И значит, добровольное условье

По прихоти нарушить ты вольна.

© Уильям Шекспир

Это было сумасшествие. Каждый мой день превратился в ослепительно яркое сумасшествие. Нет, это не был рай, это не был ад, это было какое-то особенное место, принадлежавшее только нам обоим. Я не знала, что испытываю к нему, не знала, какое название имеет та метаморфоза, которая произошла со мной за эти дни. Я не знала, сколько их прошло этих дней или ночей, они все слились в вереницу похоти и марево страсти. Я не представляла, что способна на это. Способна сходить с ума от желания, чтобы он ко мне прикоснулся. Иногда Роман доводил меня до такого состояния, что я была готова опуститься на колени и умолять дотронуться до меня. Он изучал меня вместе со мной. Настолько глубоко и основательно, что каждый раз я поражалась тому, что этот дьявол творил с моим телом и как выворачивал мои мозги.

Он превращал в орудие сладких пыток все, к чему прикасался, в его руках эротично смотрелась даже расческа, потому что он мог вести ее зубьями по моей голой груди с возбужденными сосками, оставляя тонкие полосы и заставляя выгибаться от утонченного удовольствия прямо возле зеркала, глядя в его потемневшие глаза. Он обожал играть и испытывать грани моего терпения, доводить до исступления только словами, заставлять у него на глазах трогать себя и кончать под его бешеным взглядом. Доводить каждым словом, иметь ими так изощренно и профессионально, что иногда мне хватало всего лишь пары слов, чтобы взорваться. Он разбудил во мне ураган, о котором я даже не подозревала, и когда я уже сама набрасывалась на него, срывая одежду, впиваясь в его рот, он тихо смеялся и останавливал меня:

– Тшш, малышка, ты забыла, как говорила мне нет? Пришла моя очередь… Давай скажи мне, как ты меня ненавидишь за то, что я не даю тебе кончить. Покричишь для меня о своей ненависти?

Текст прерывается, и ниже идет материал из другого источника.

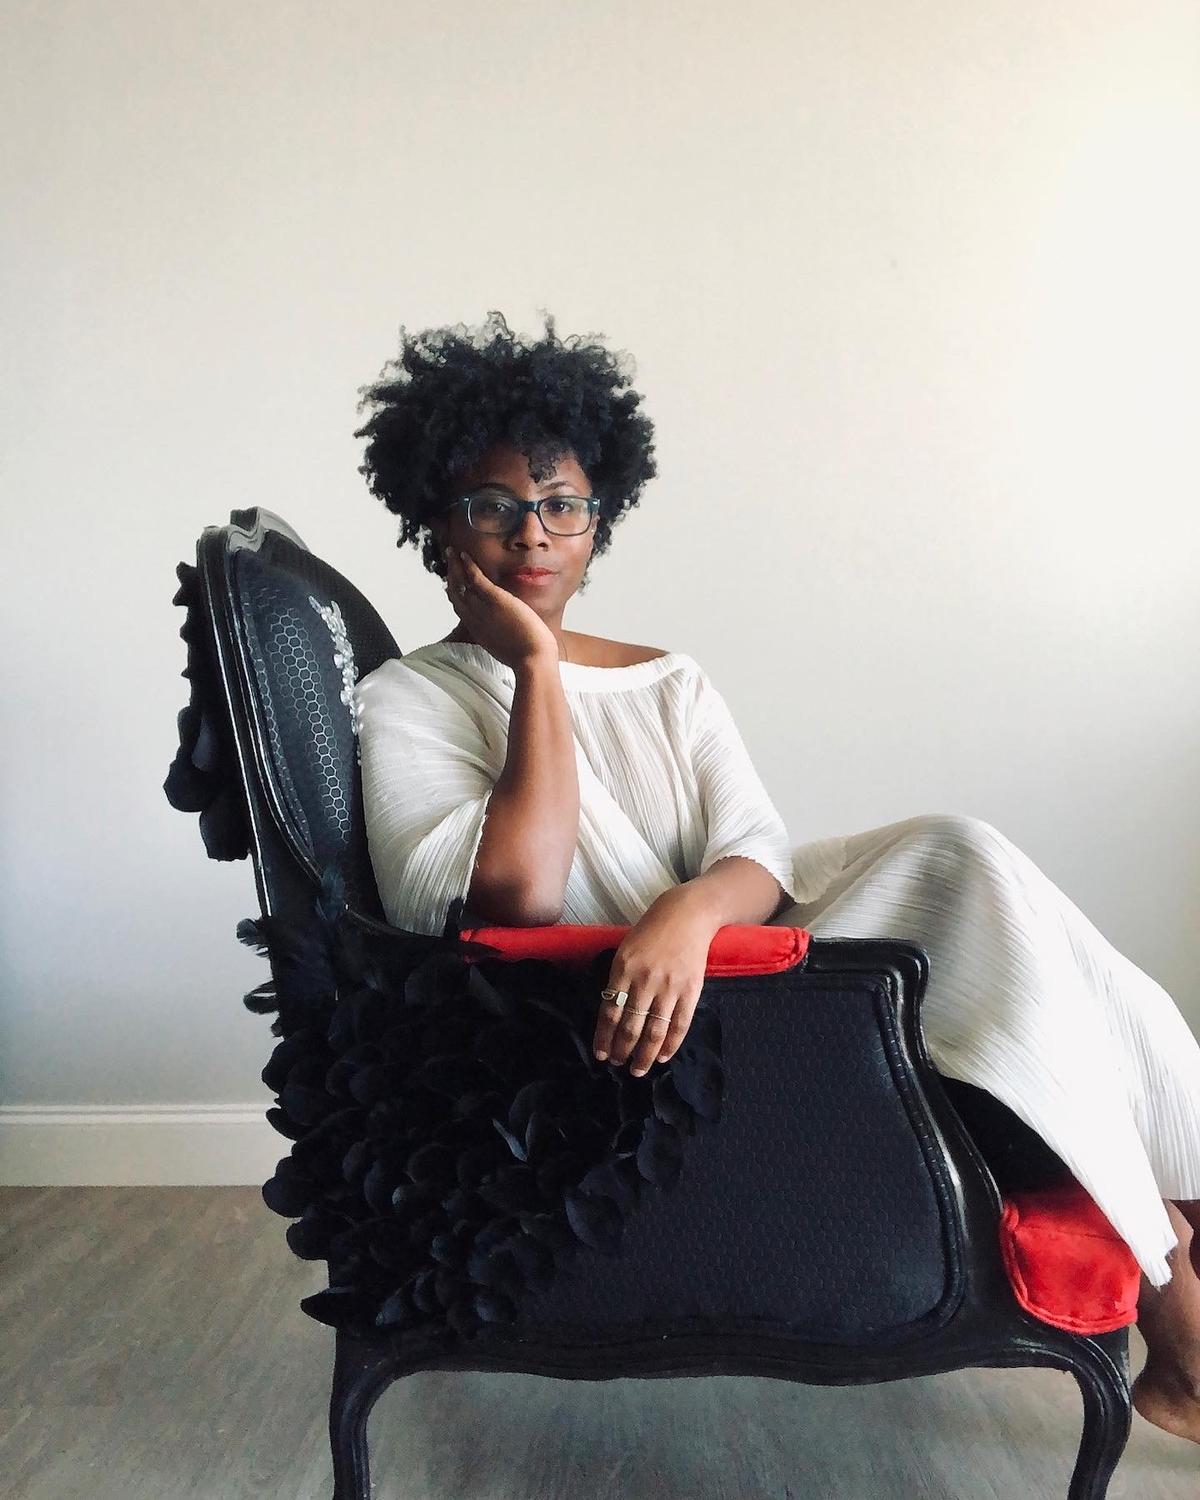 From meditation pillows to Alexander McQueen: Meet a next-wave upholstery solopreneur

Он выматывал меня физически, и я валилась с ног в самом прямом смысле этого слова. Засыпала прямо в столовой или у него в кабинете в кресле, и меня будили нежные прикосновения его языка. Я больше не жила в крыле прислуги, а они больше не смели поднять на меня взгляды. Но я точно знала – все они ждут, когда я впаду в немилость. Я так и читала на их лицах это вожделенное ожидание моего падения. Иногда мне казалось, что каждая из них мечтает поставить мне подножку.

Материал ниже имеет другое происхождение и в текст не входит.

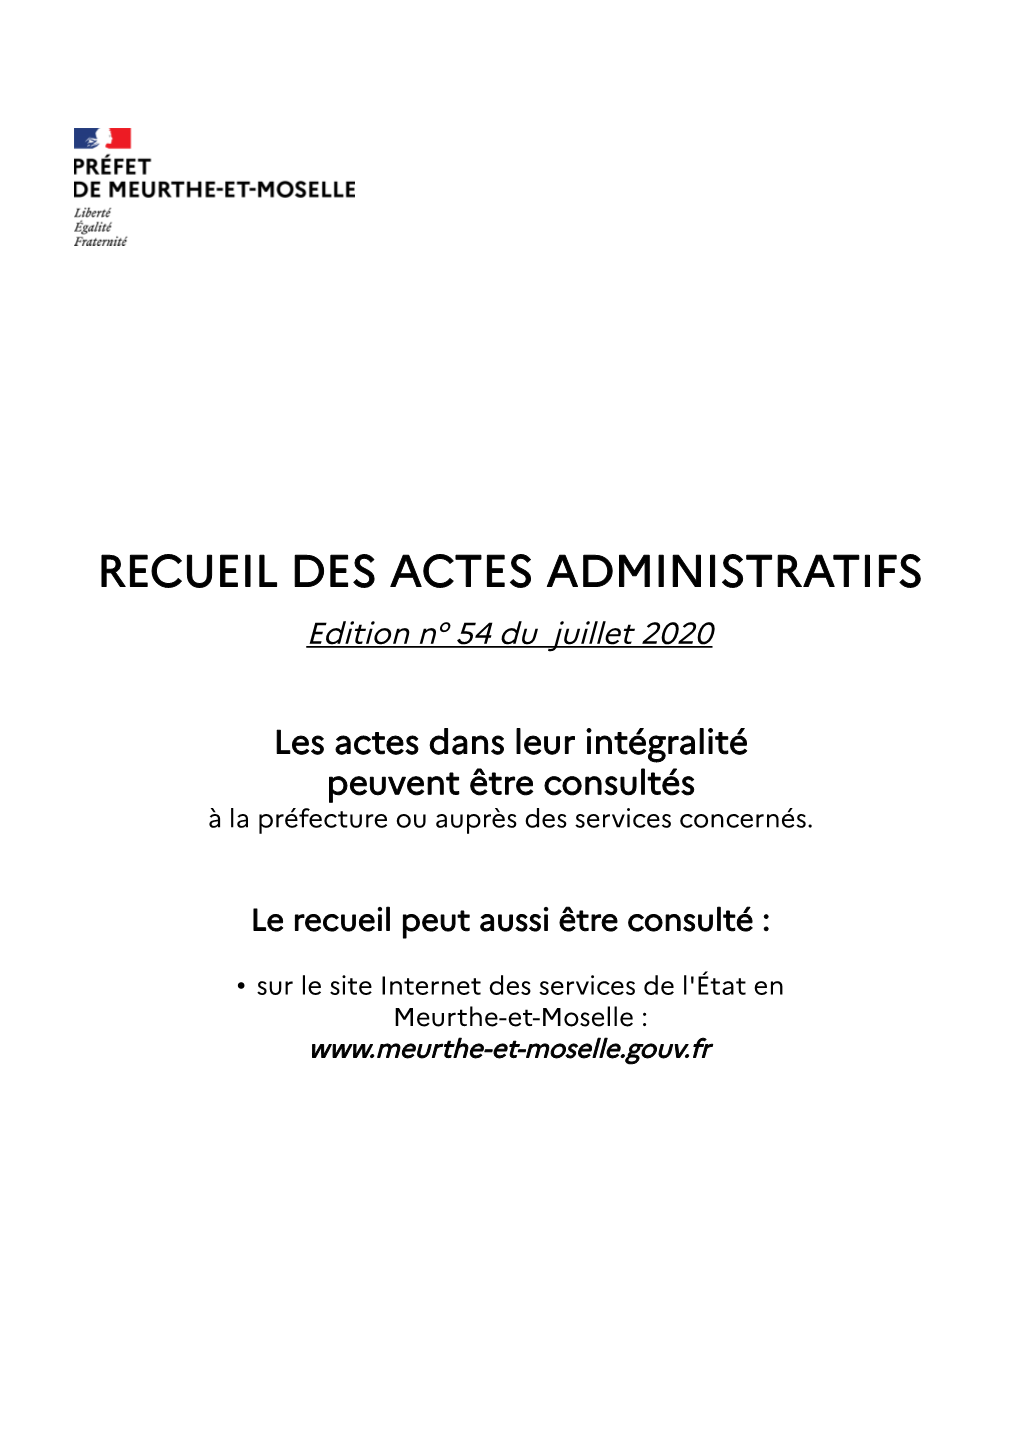 RECUEIL DES ACTES ADMINISTRATIFS Edition N° 54 Du Juillet 2020

– Они меня ненавидят. Я не хочу лишний раз видеть их лица… и не хочу, чтоб они смотрели на нас. Я могу и сама принести, – как-то сказала я Огинскому, когда он отругал меня за то, что я сама принесла с кухни нам ужин.

– Покажи мне – кто.

– Нет. Не надо. Я не хочу, чтобы из-за меня кого-то уволили.

Он пожал плечами.

– Тогда чего ты хочешь?

– Сама ухаживать за тобой и кормить тебя.

– Тогда иди ко мне.

Отложил в сторону салфетку и, взяв меня за талию, усадил прямо на стол перед собой. Стянул с меня трусики и поставил мои ноги по обе стороны своего кресла на подлокотники, подвигая пиалу с джемом.

– Приготовь для меня десерт, маленькая. Я ужасно проголодался за весь день.

И окунул мои пальцы в варенье.

***

Когда он уезжал, мною овладевала тоска. В этом огромном доме было совершенно скучно. Я читала книги, смотрела фильмы, и все же мне надо было чем-то заниматься. Я не могла вот так сложа руки целыми днями отсиживаться и ничего не делать. Иногда я писала письма маме. Звонить не решалась. Боялась, что он услышит или узнает. Когда я последний раз попросила набрать маму, он ответил, что там все хорошо и они сейчас в каком-то крутом санатории, где намеренно нет связи, чтобы пациенты восстанавливались подальше от цивилизации. Точнее, мне это сказал Марк, когда был у нас на ужине. И каждый раз, когда мы говорили об этом, Роман сильно напрягался. Наверное, он думал, что я по-прежнему хочу уйти и жду, когда для этого появятся причины… А я уже не хотела. Нет, я уже не представляла себе, как можно проснуться в постели одной, не представляла, как можно не отвечать на его звонки на телефон, который принимал входящие только с его номера… и в тот же момент я думала и о том, что есть в этом доля деспотизма. Он ведь все равно подавляет мою волю и продолжает держать меня здесь насильно. Но с каждым днем я понимала, что рано или поздно он уступит… он всегда мне уступал, как бы это странно не звучало. Улыбался своей ослепительной улыбкой и сдавался. Мне казалось, что у меня получится со временем убедить его, что у нас все может быть, как и у всех, и ему не нужно держать меня насильно в этом доме, я сама здесь останусь по доброй воле.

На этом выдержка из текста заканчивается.